Given $f:\mathbb{R}\longrightarrow\mathbb{R}$ is differentiable 3 times, $f'(0)=0, f(1)=1, f(-1)=f(0)=0$, show that there exists some point $c\in(-1,1)$ such that $f'''(c)\geq3$.

This exercise is part of homework about Taylor series, so I assumed the solution has to use it in some way.

What i've tried:

I have info about $f'(0)$ so i'll write the Taylor expansion for $f(x)$ with $n=3$ at $x=0$ (namely Maclaurin expansion).
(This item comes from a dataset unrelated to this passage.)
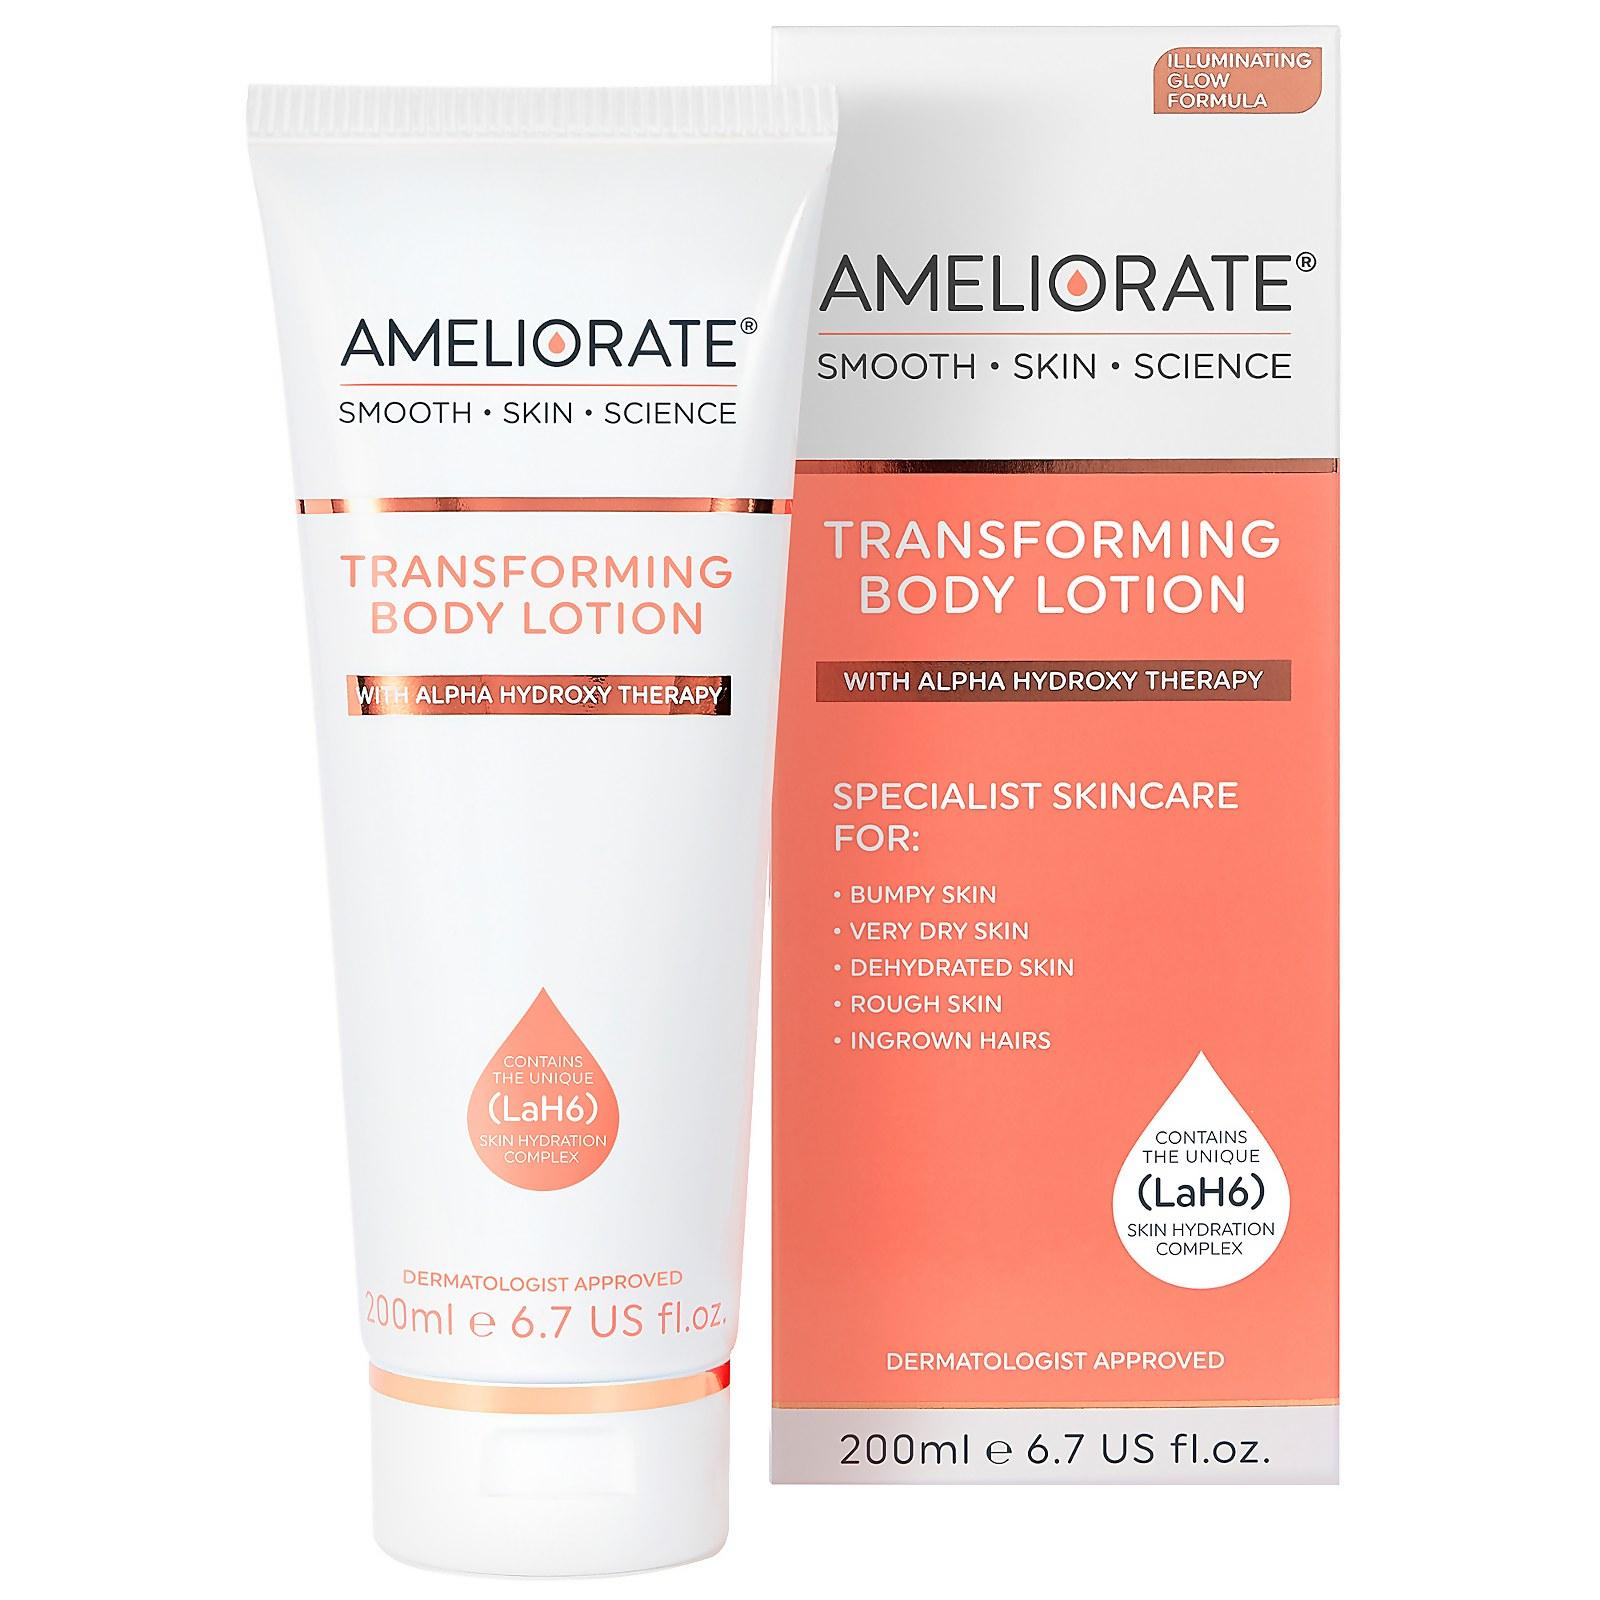 Ameliorate Transforming Body Lotion Illuminating Glow

$f(x)=f(0)+\frac{f'(0)}{1!}x+\frac{f''(0)}{2!}x^2+\frac{f'''(c)}{3!}x^3=\frac{f''(0)}{2!}x^2+\frac{f'''(c)}{3!}x^3$

Where $c$ is the point from Taylor's theorem.

Now, plugging in $1$, I get:

$1=f(1)=\frac{f''(0)}{2!}+\frac{f'''(c_1)}{3!}$ (There exists a point $c_1\in(0,1)$ such that this happens).

And $-1$:

$0=f(-1)=\frac{f''(0)}{2!}-\frac{f'''(c_2)}{3!}$ (There exists a point $c_2\in(-1,0)$ such that this happens).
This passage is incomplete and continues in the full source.